> Exercise data

- - - - - - -

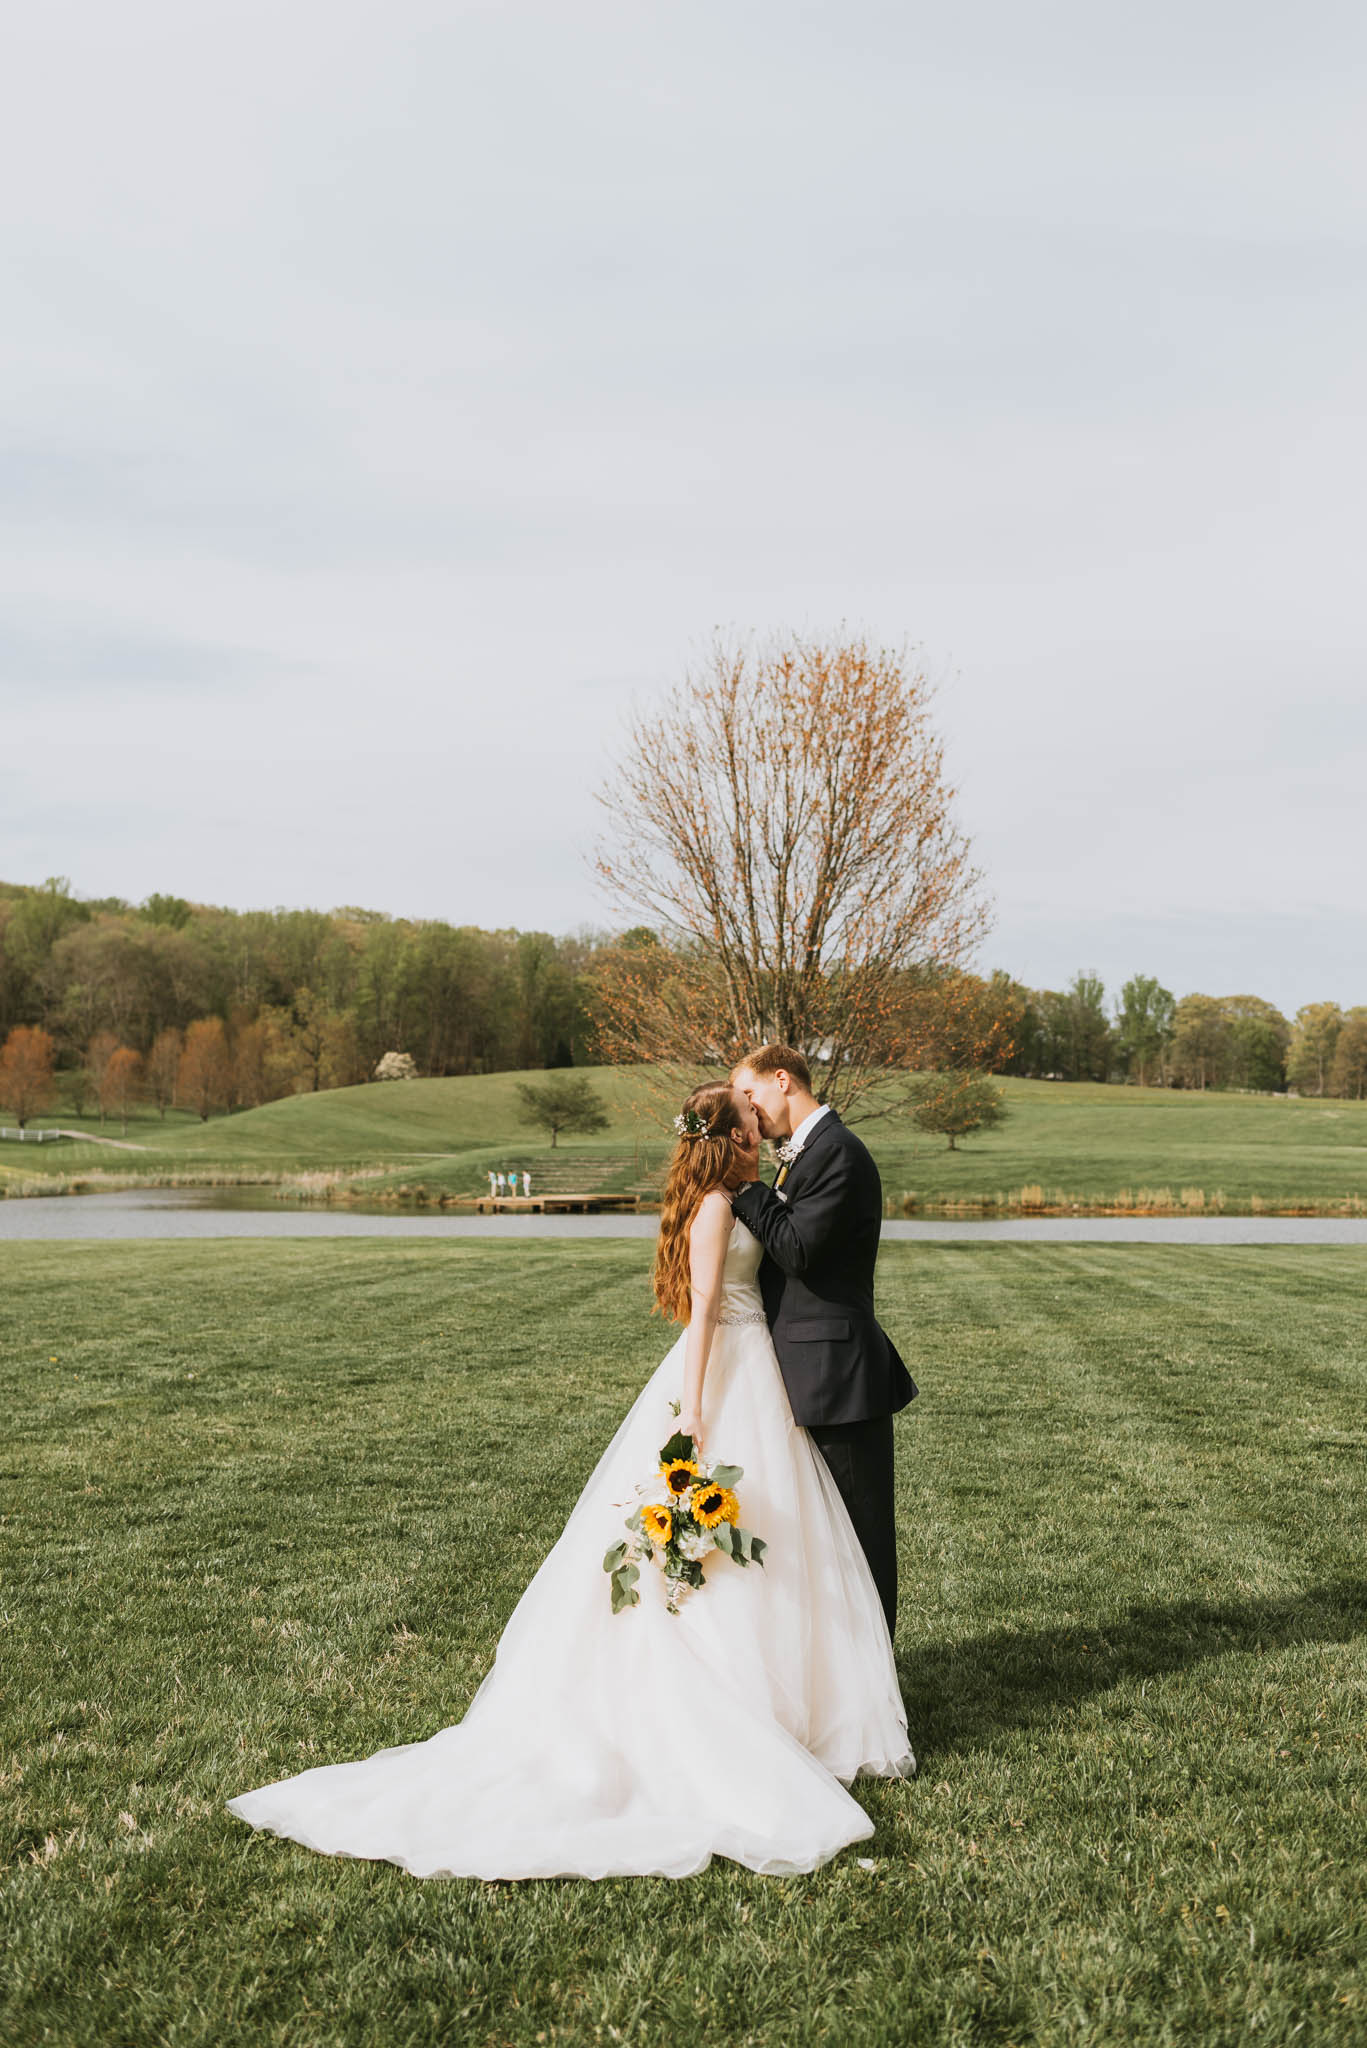 Grace Meadows Farm Wedding, Jonesborough, TN, Northeast Tennessee Wedding Photographer, East Tennessee Wedding Photographer, Knoxville, TN Wedding Photographer
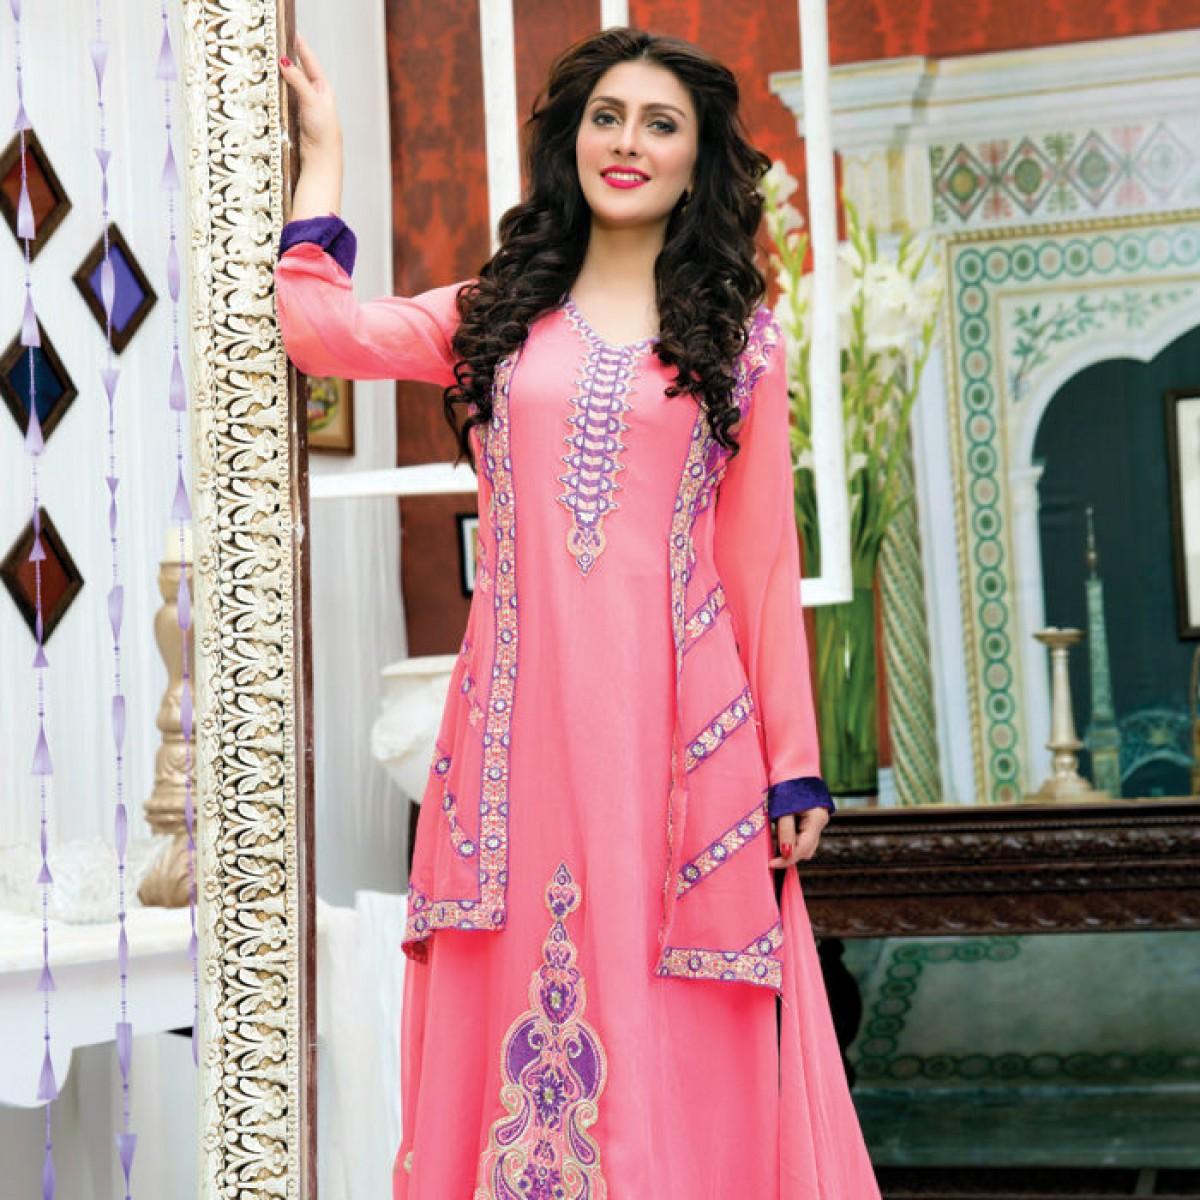 b19e544221 Beautiful Formal Dresses In Pakistan
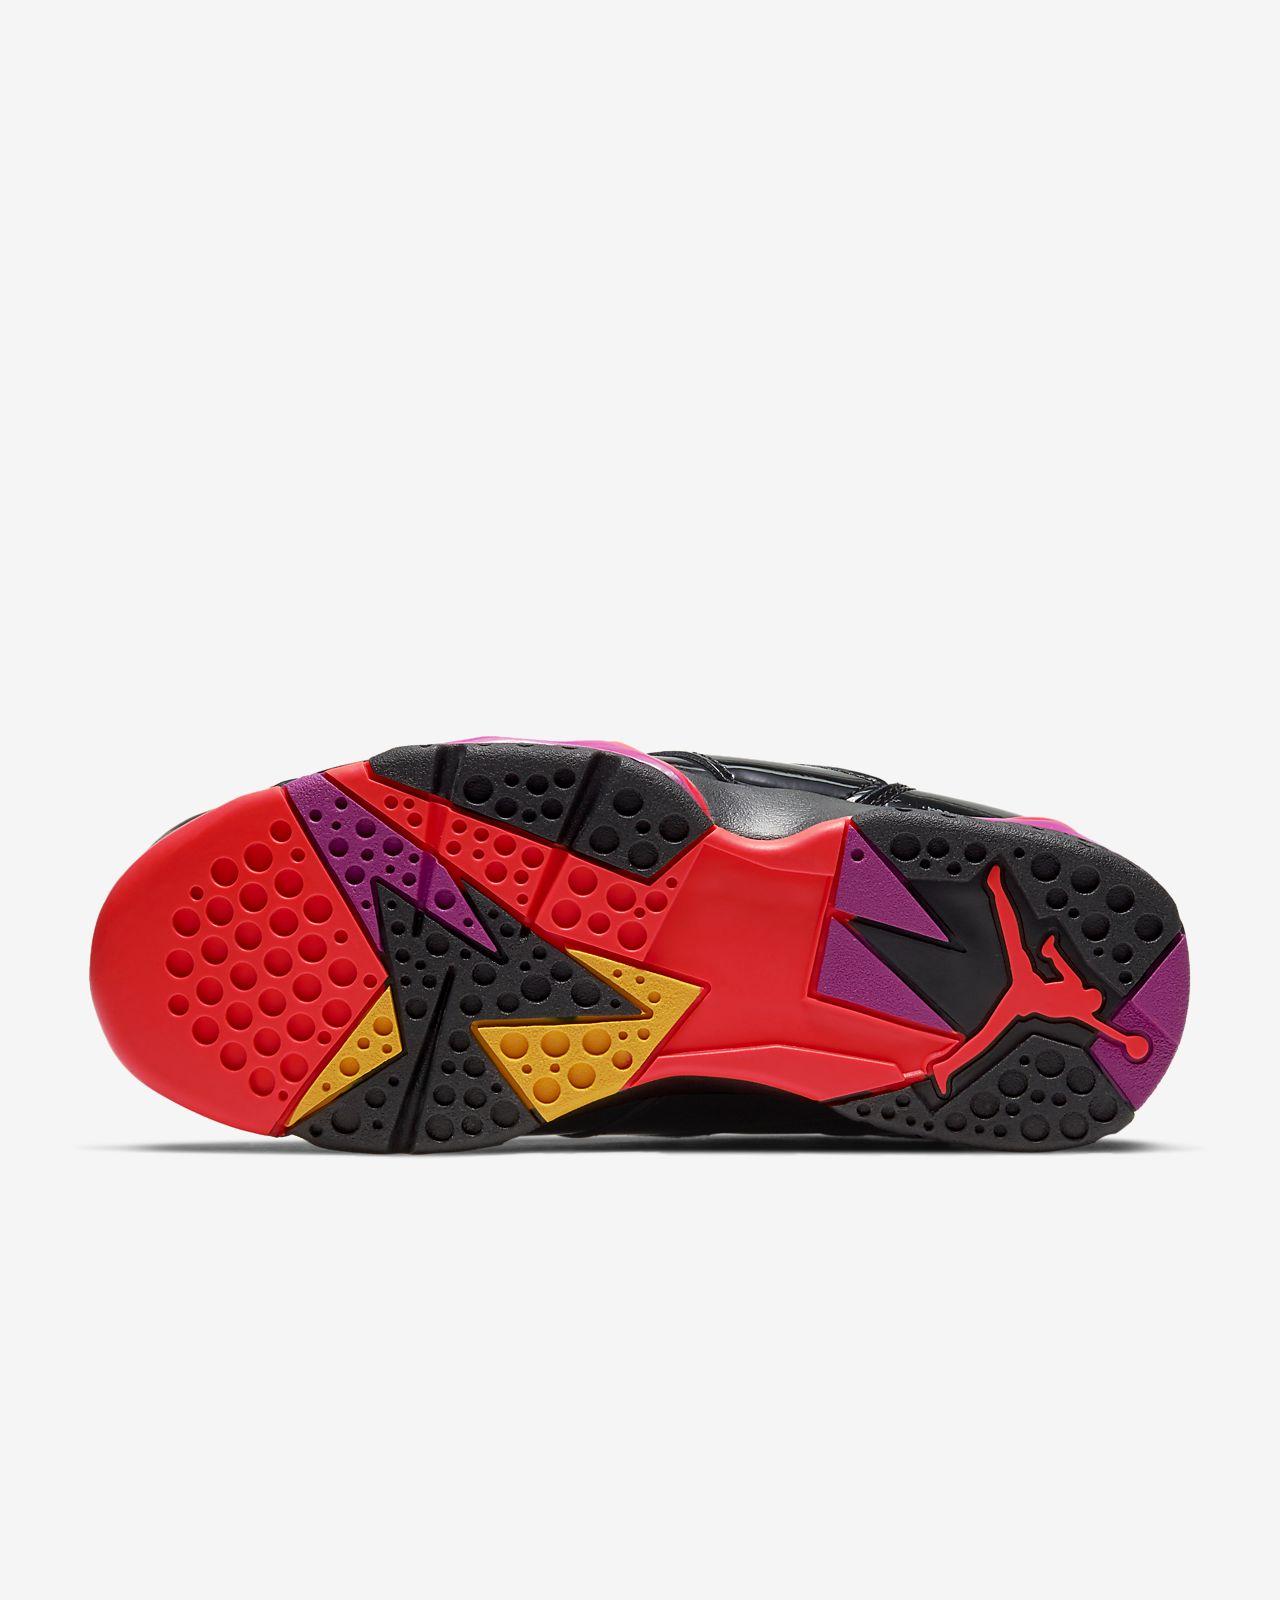 Air Jordan 7 Retro 女鞋

- - - - - - -

> Exercise details
Transcribe the span of lines that runs from the line with "b19e544221 Beautiful Formal" to the end of the data, both ends included, exactly, with nothing else and no pictures.

> Result
 b19e544221 Beautiful Formal Dresses In Pakistan
 Air Jordan 7 Retro 女鞋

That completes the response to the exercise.